Of course, you can't have everything for a junior role. But how many of these skills can you afford if you miss the job and take over?

After all, the most common reason for non-statisticians to be rejected is precisely the lack of even basic statistical knowledge. And somewhere there is the difference between a data engineer and a data scientist. However, data engineers typically apply for these roles because they often find that "statistics" are just the mean, variance, and normality. So we can make some relevant but scary ones statistical keywords Include in job descriptions to clarify what we mean by "statistics" and to avoid confusion.

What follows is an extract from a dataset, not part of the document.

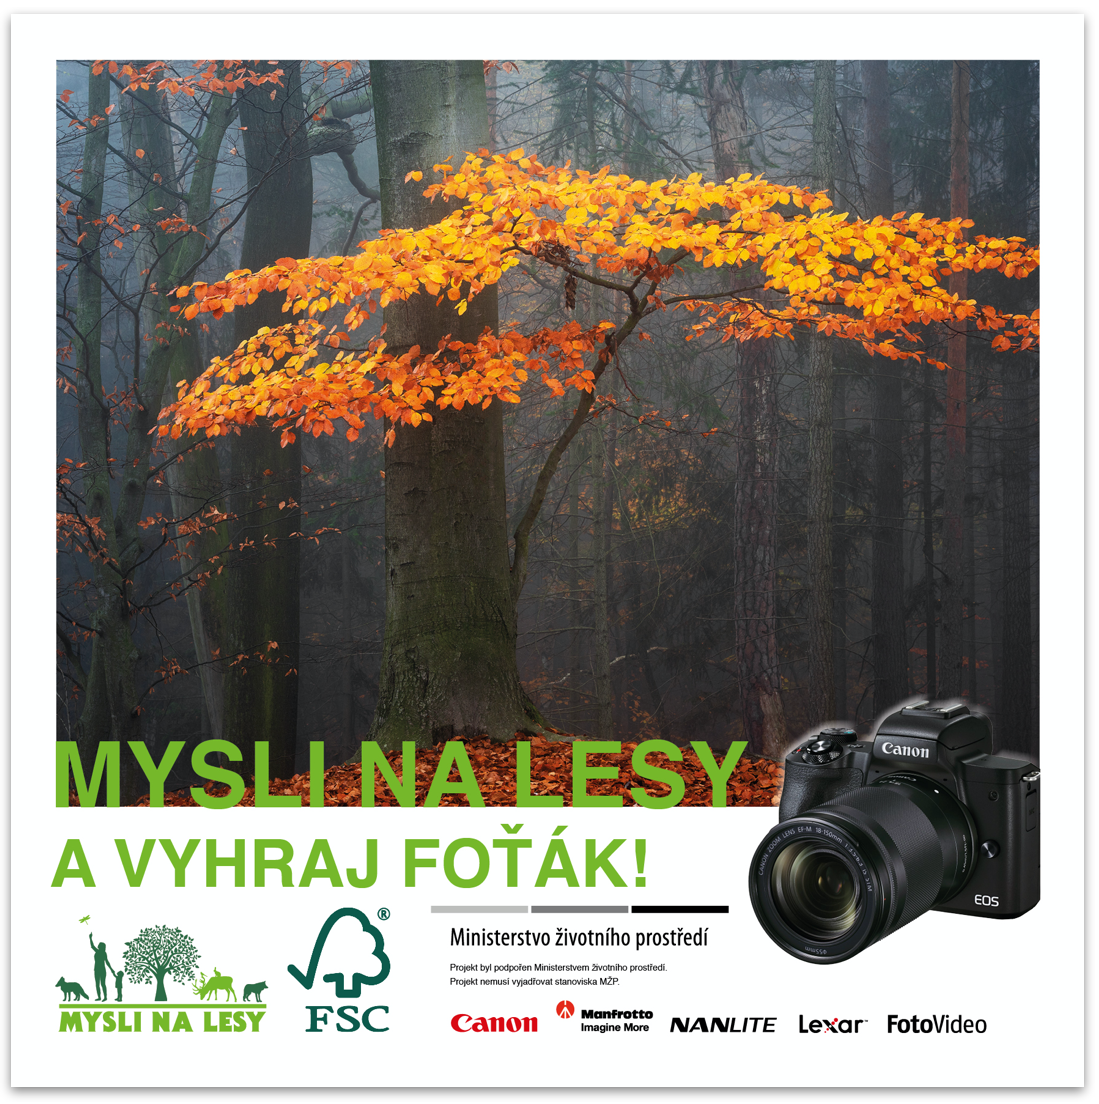 a flyer for the Mysli na lesy photo competition

Allow me to ignore the hype and buzzwords. I think "data scientist" (or whatever you want to call it) is a real thing and that is different from being a statistician. There are many types of positions that are effectively data scientists but are not given that name. An example are people who work in genomics.

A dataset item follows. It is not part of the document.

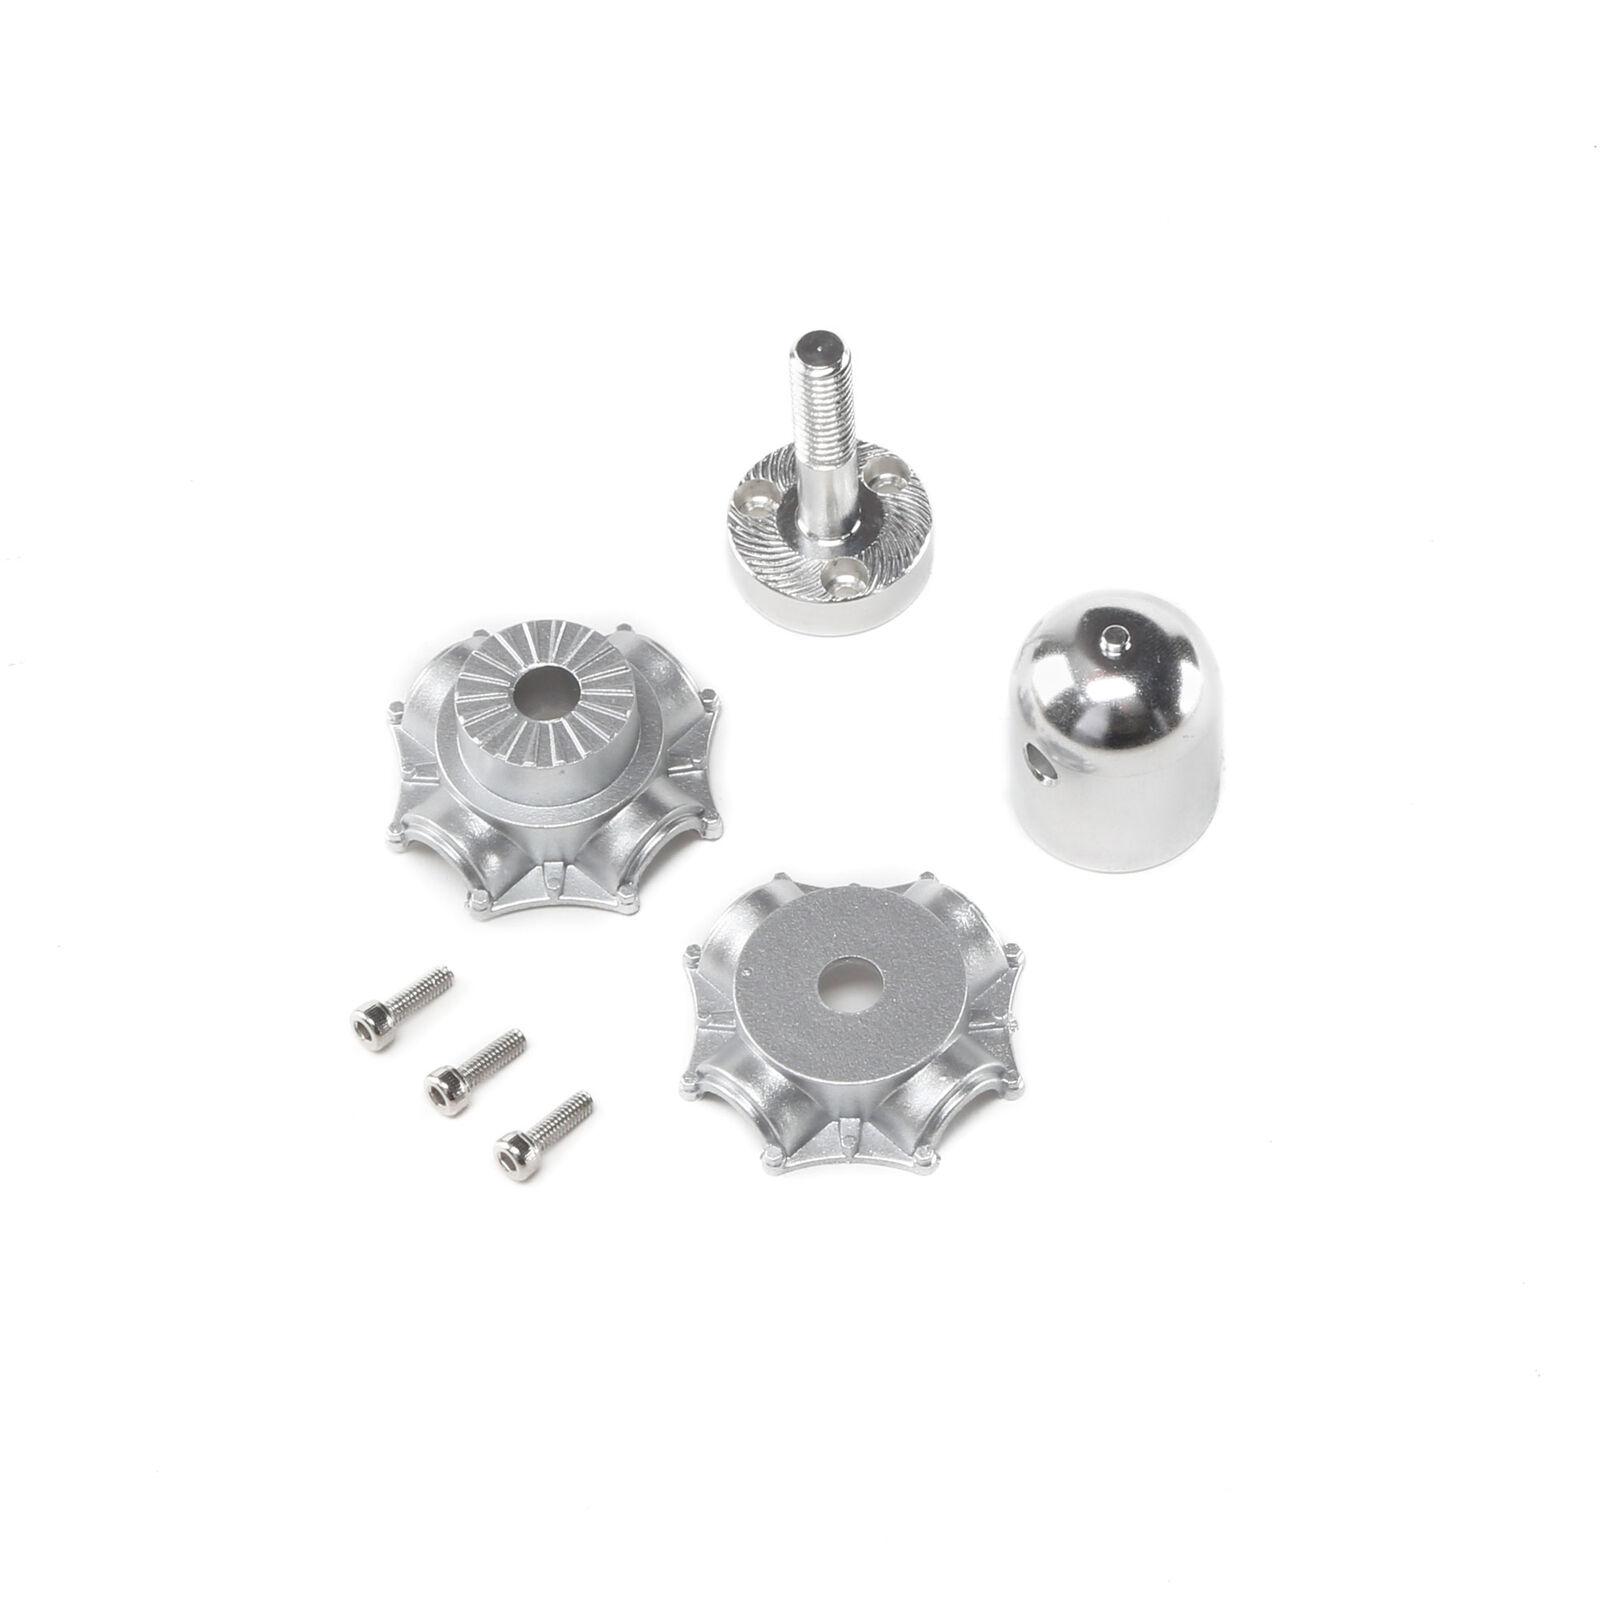 Prop Adapter, Aluminm Spinner, Plastic Hub: P-47 1.2m

In my view, a data scientist is someone who has the skills and expertise to design and study large amounts of complex data (e.g., high-dimensional data where the underlying mechanisms are unknown and complex).

This means:

  • Programming: Being able to implement analyzes and pipelines often requires a certain degree of parallelization and interfaces to databases and high-performance computers.
  • Computer Science (Algorithms): Design / select efficient algorithms so that the selected analysis is possible and the error rate is controlled. Sometimes this may also require knowledge of numerical analysis, optimization, etc.
  • Computer science / statistics (usually with a focus on machine learning): Design and implementation of a framework to ask questions about the data or to find "patterns" in it. This would include not only knowledge of various tests / tools / algorithms but also designing an appropriate holdout, mutual validation and so on.
  • Modeling: Often times, we want to be able to create a model that makes it easier to represent the data so that we can make useful predictions and gain insight into the mechanisms underlying the data. Probabilistic models are very popular.
  • Domain-specific know-how: An essential aspect for successful work with complex data is the consideration of domain-specific knowledge. So I would say that it is crucial that the data scientist has expertise in the field, is able to learn new areas quickly, or has a good interface with experts in the field who have useful knowledge on how to use the Can deliver data.